◆ **Exercise instructions**
Repeat the full listing below verbatim and keep the images out.

◆ **Information supplied**
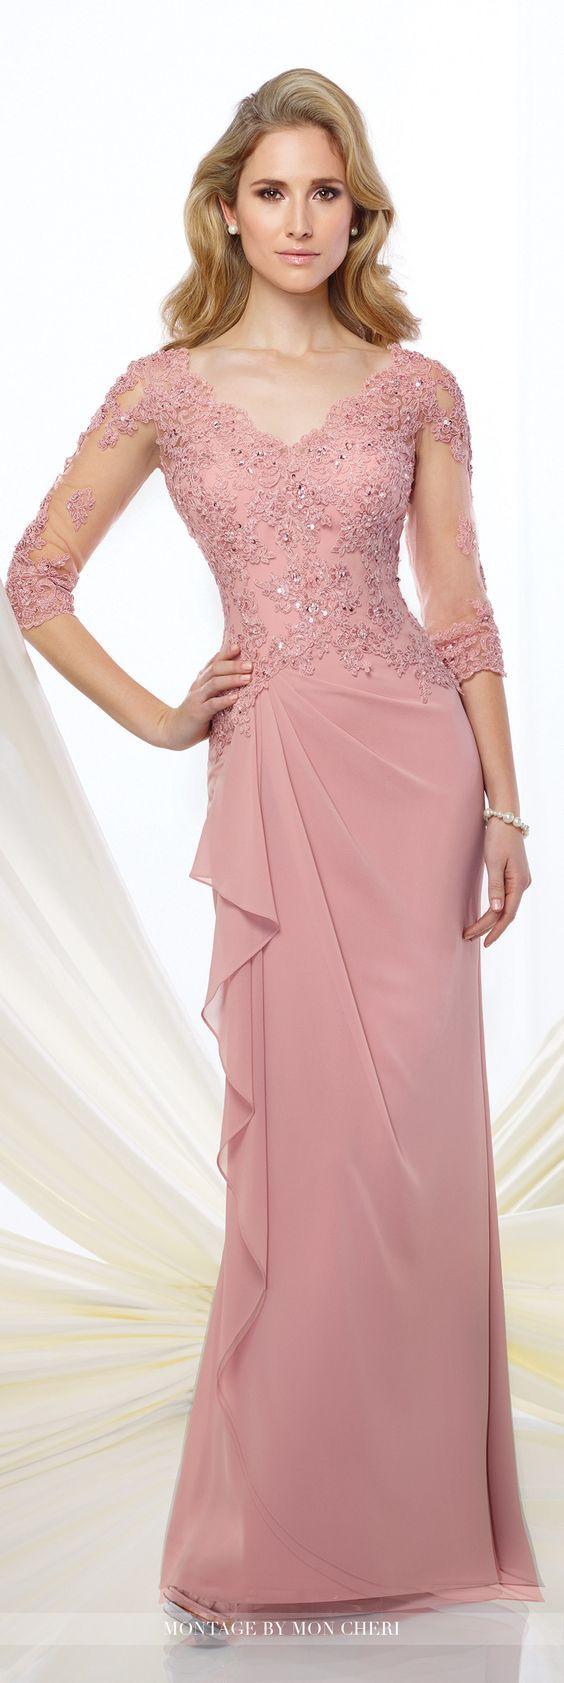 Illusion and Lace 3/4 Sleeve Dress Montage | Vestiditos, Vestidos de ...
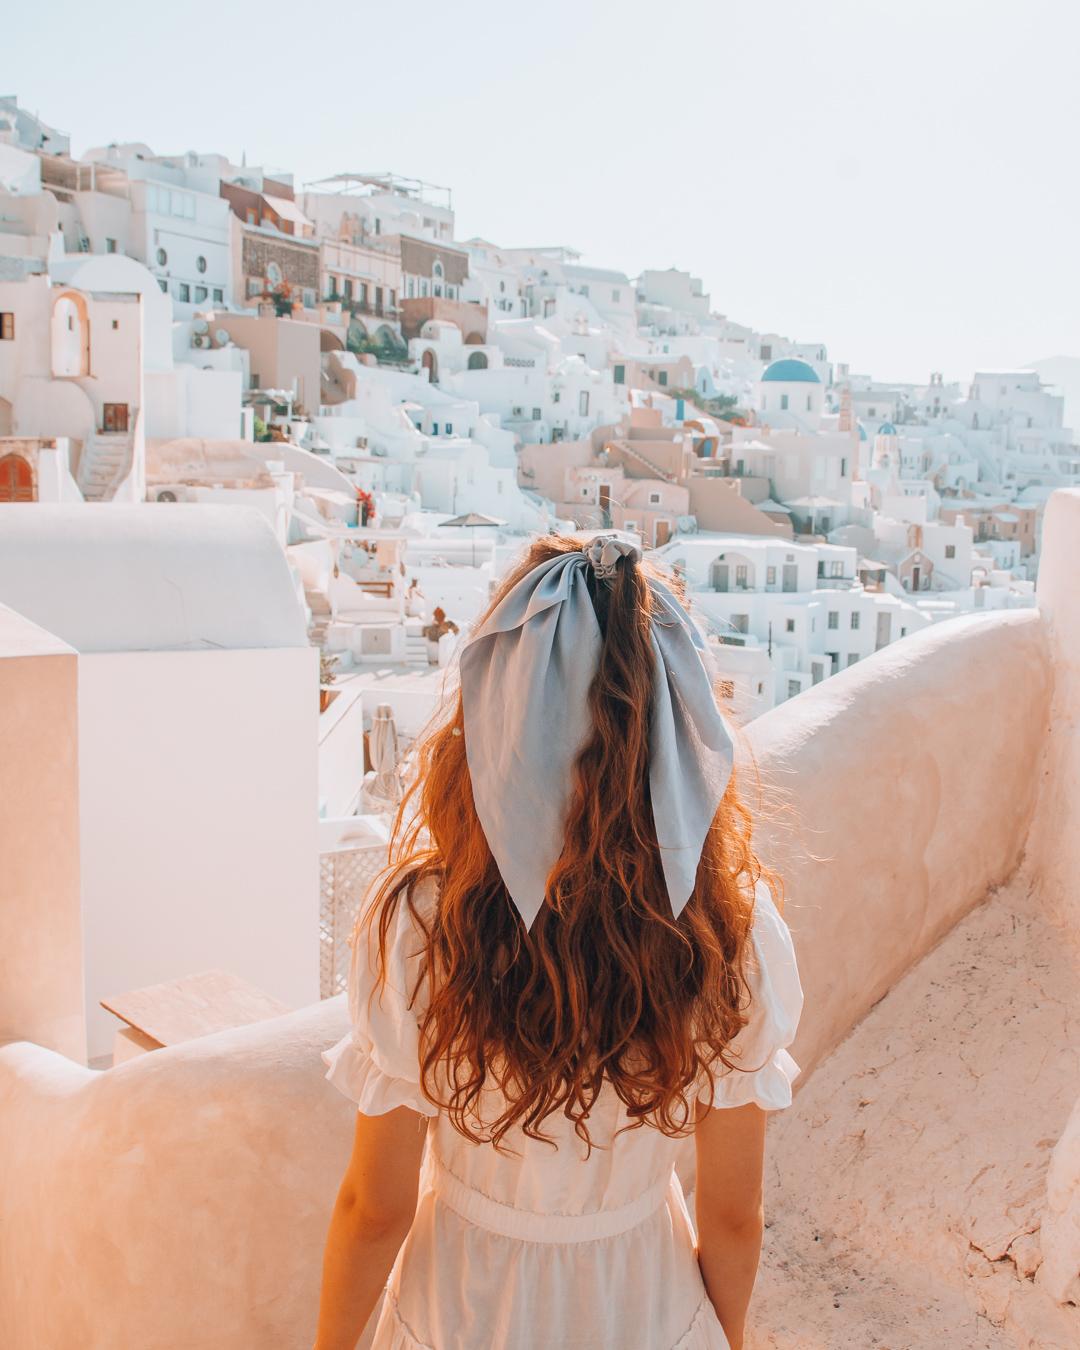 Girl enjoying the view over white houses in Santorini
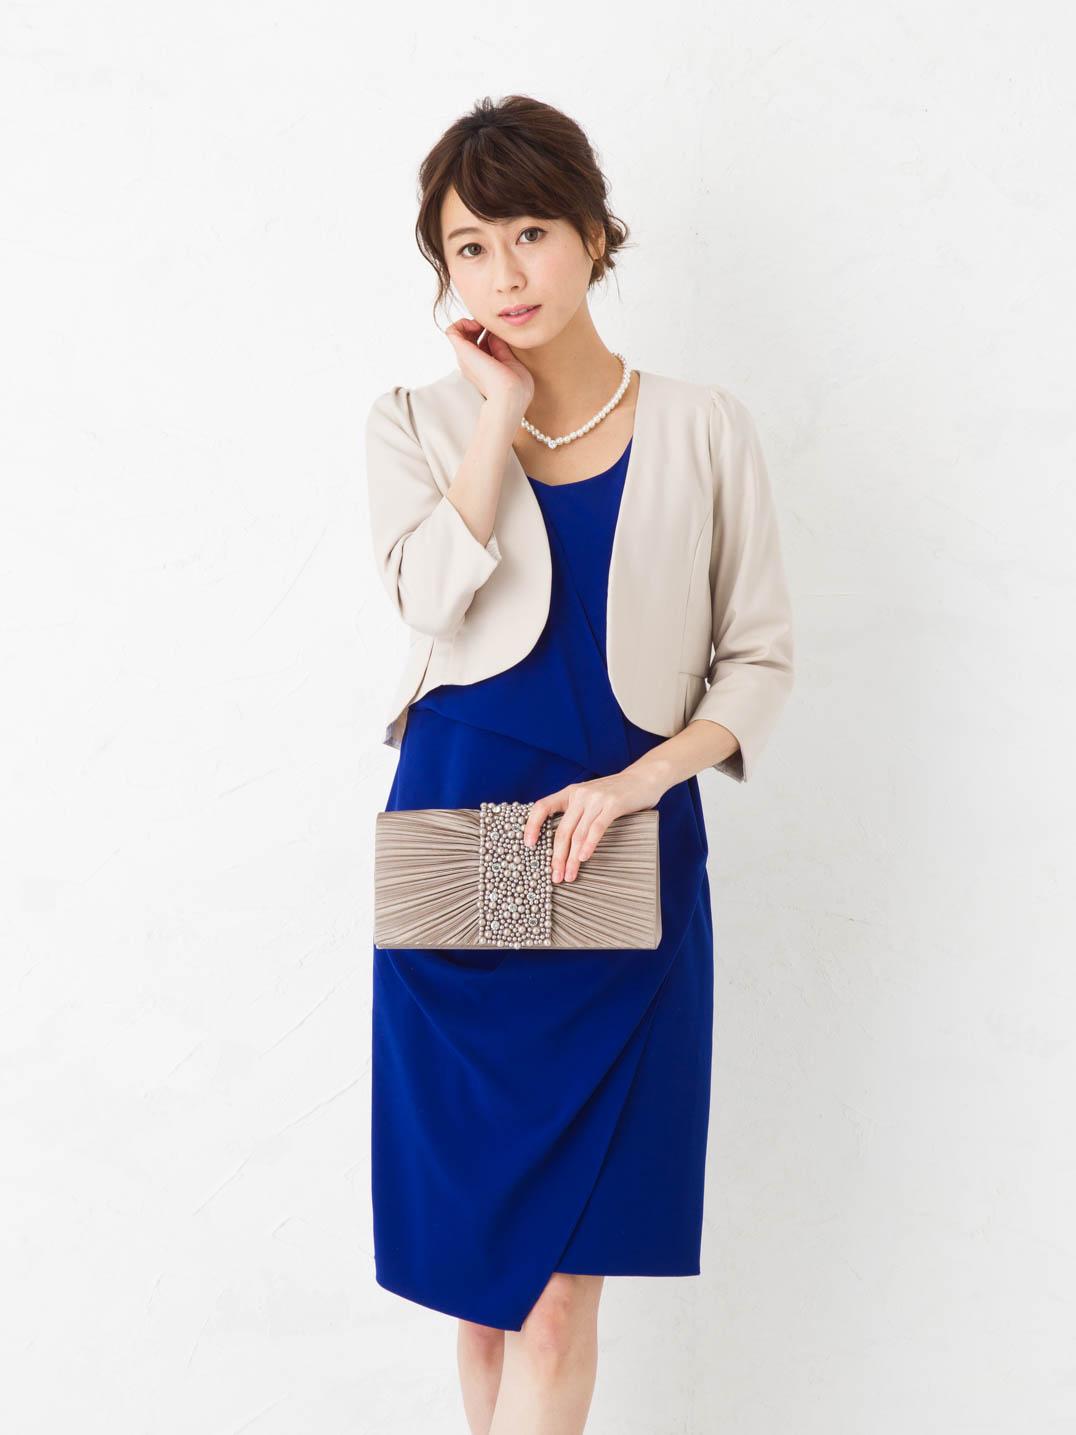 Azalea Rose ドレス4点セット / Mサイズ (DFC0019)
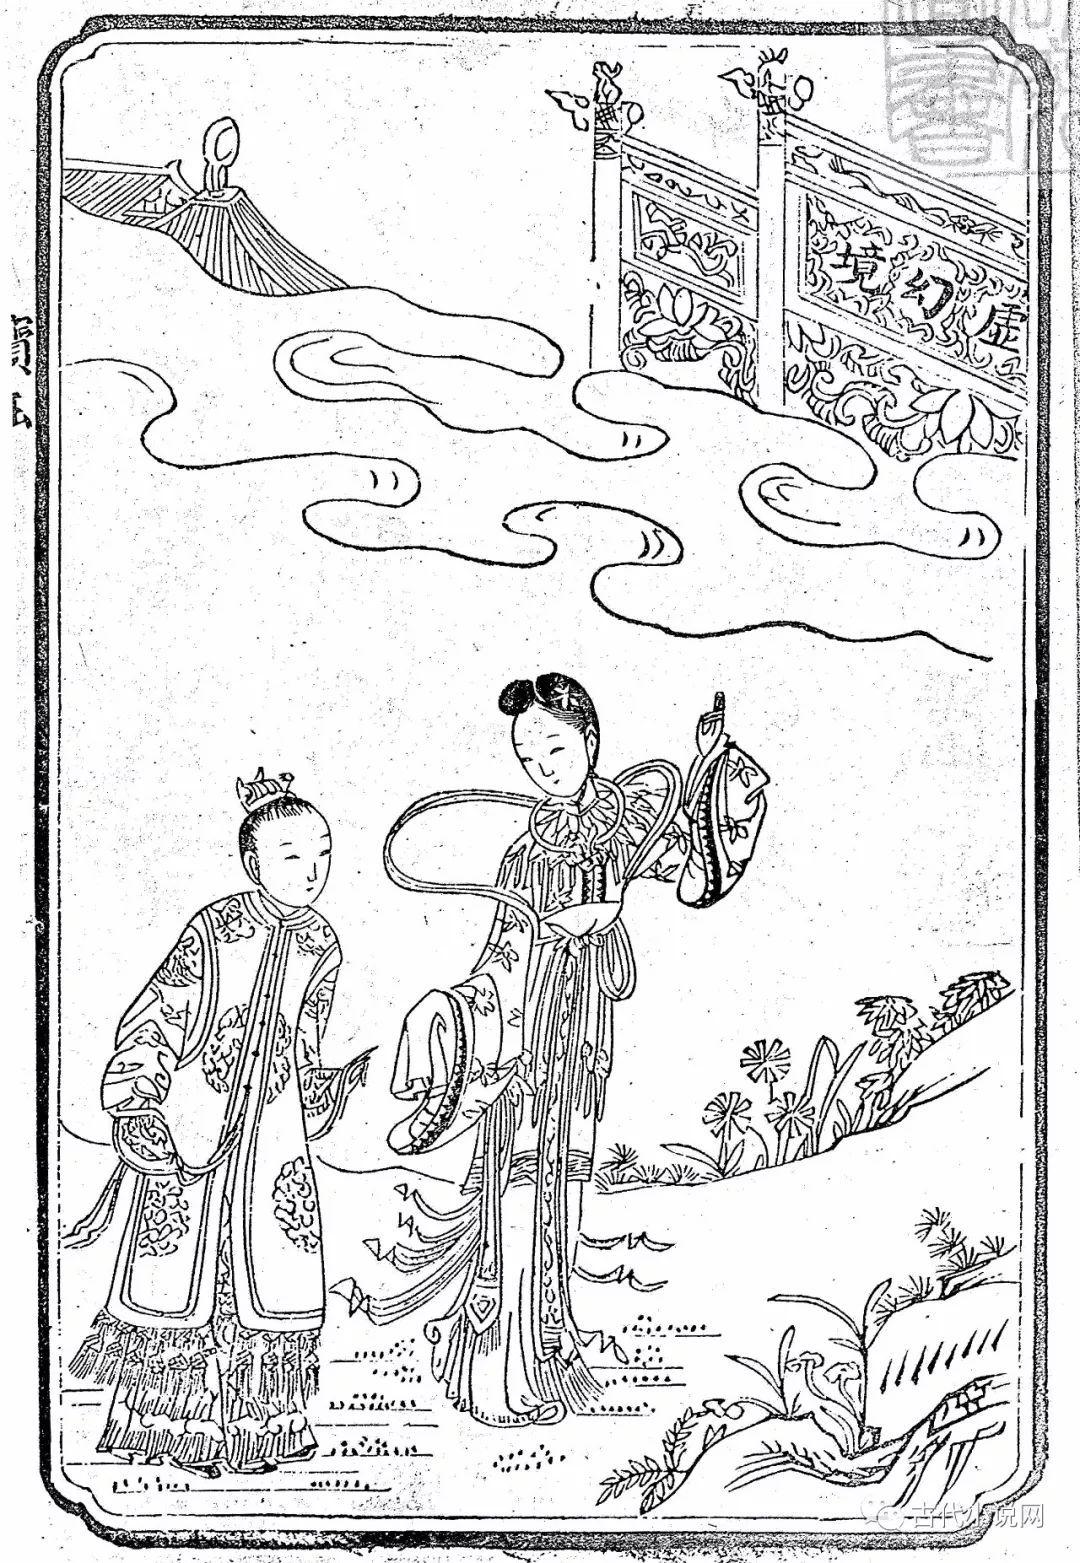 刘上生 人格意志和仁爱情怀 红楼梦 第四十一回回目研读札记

◆ **Your solution**
 Illusion and Lace 3/4 Sleeve Dress Montage | Vestiditos, Vestidos de ...
 Girl enjoying the view over white houses in Santorini
 Azalea Rose ドレス4点セット / Mサイズ (DFC0019)
 刘上生 人格意志和仁爱情怀 红楼梦 第四十一回回目研读札记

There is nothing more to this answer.